Review History


All reviews of published articles are made public. This includes manuscript files, peer review comments, author rebuttals and revised materials. Note: This was optional for articles submitted before 13 February 2023.

Peer reviewers are encouraged (but not required) to provide their names to the authors when submitting their peer review. If they agree to provide their name, then their personal profile page will reflect a public acknowledgment that they performed a review (even if the article is rejected). If the article is accepted, then reviewers who provided their name will be associated with the article itself.

View examples of open peer review.

Summary

  • The initial submission of this article was received on October 4th, 2024 and was peer-reviewed by 2 reviewers and the Academic Editor.
  • The Academic Editor made their initial decision on December 21st, 2024.
  • The first revision was submitted on March 20th, 2025 and was reviewed by 1 reviewer and the Academic Editor.
  • The article was Accepted by the Academic Editor on April 28th, 2025.

Version 0.2 (accepted)

· Apr 28, 2025 · Academic Editor

Accept

Dear Authors,
Your paper has been revised. It has been accepted for publication in PEERJ Computer Science. Thank you for your fine contribution.
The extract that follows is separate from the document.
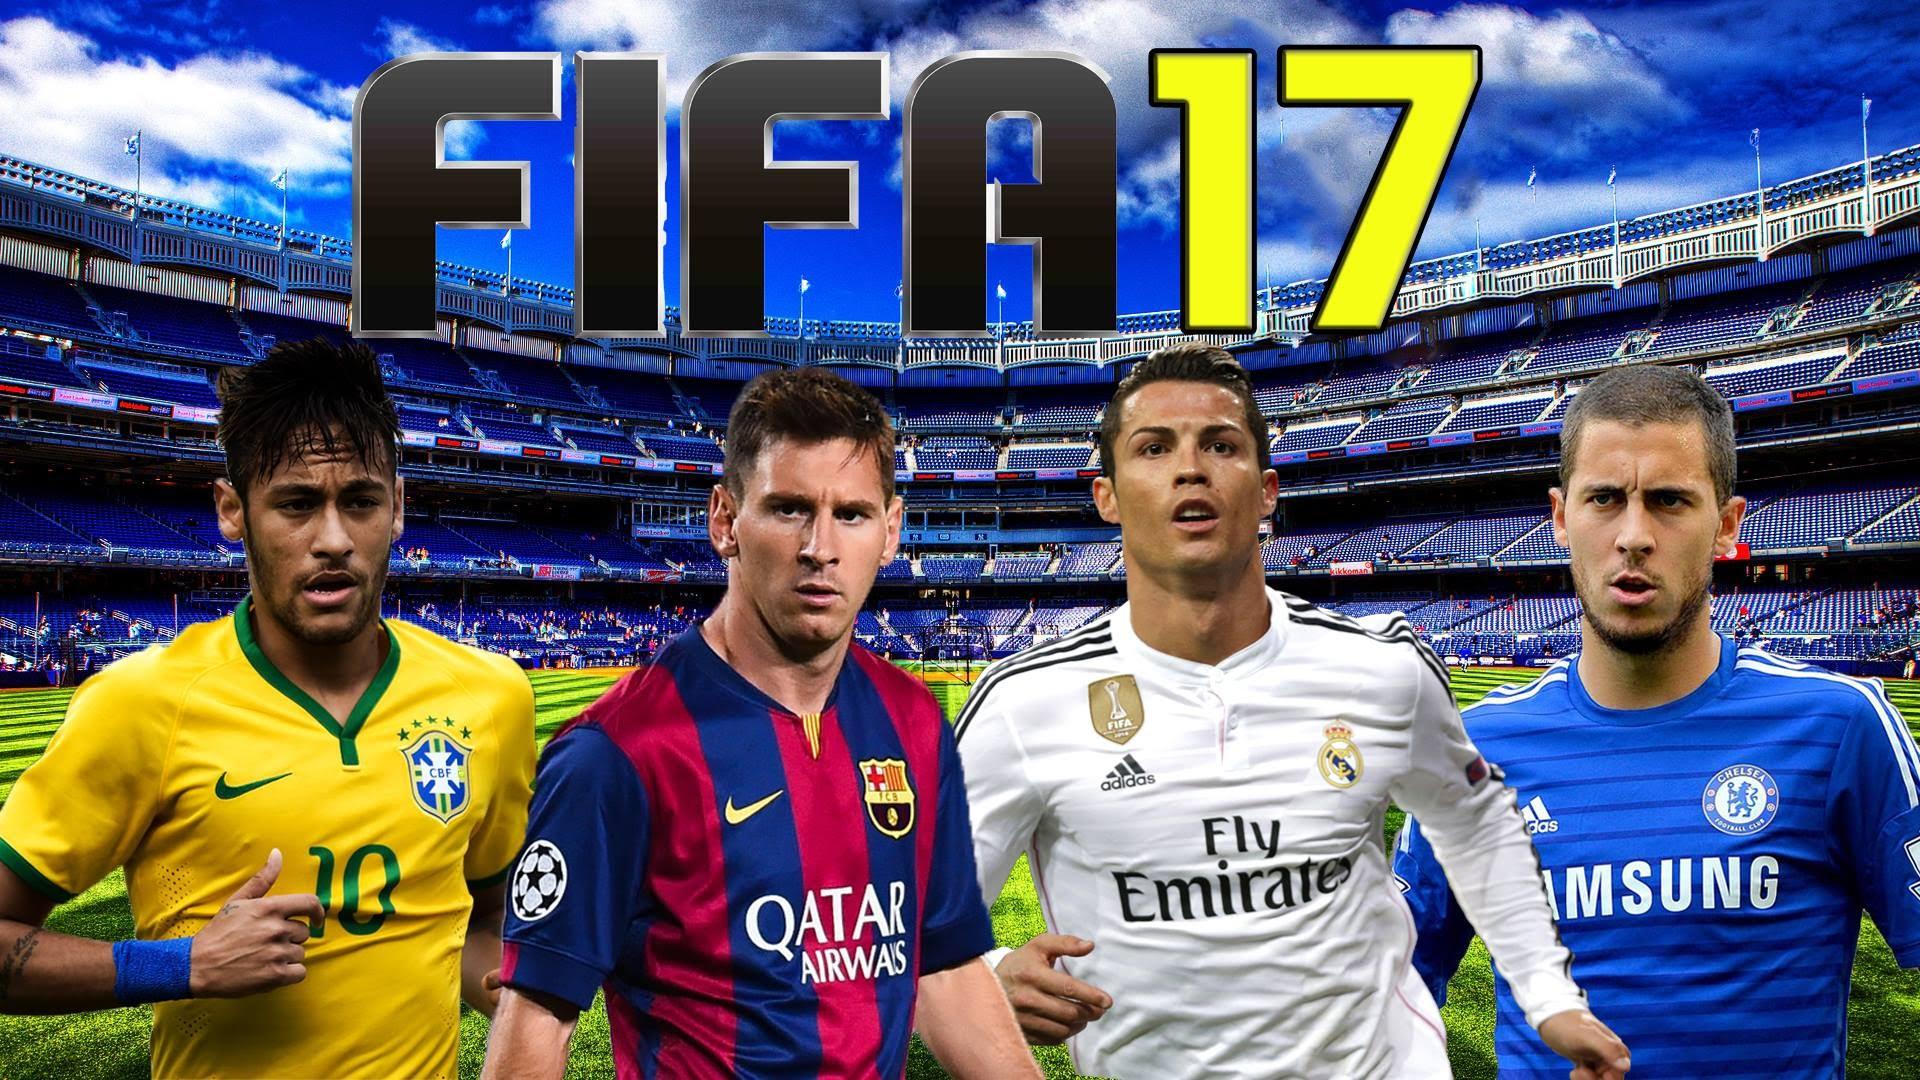 FIFA 17-toernooi bij PEC Zwolle

[# PeerJ Staff Note - this decision was reviewed and approved by Xiangjie Kong, a PeerJ Section Editor covering this Section #]

·

Basic reporting

No comment

Experimental design

No comment

Validity of the findings

No comment

Additional comments

Great job on the effort for this overhaul revision. My issues are all resolved with the revision. Thank you for the great work!

Version 0.1 (original submission)

· Dec 21, 2024 · Academic Editor

Major Revisions

The authors must improve the paper as per the suggestions of the reviewers, and also add more critical discussions.

Reviewer 1 ·

Basic reporting

The manuscript introduces Proto-Caps, a deep learning-based framework designed to provide interpretable classifications for medical images. The method integrates prototype learning with privileged information, leveraging capsule networks to ensure human-understandable explanations. Experimental results on LIDC-IDRI and CheXpert datasets demonstrate its effectiveness compared to other explainable AI approaches while maintaining competitive classification performance. While the study highlights innovative aspects, several areas require improvement to strengthen its contribution and practical significance.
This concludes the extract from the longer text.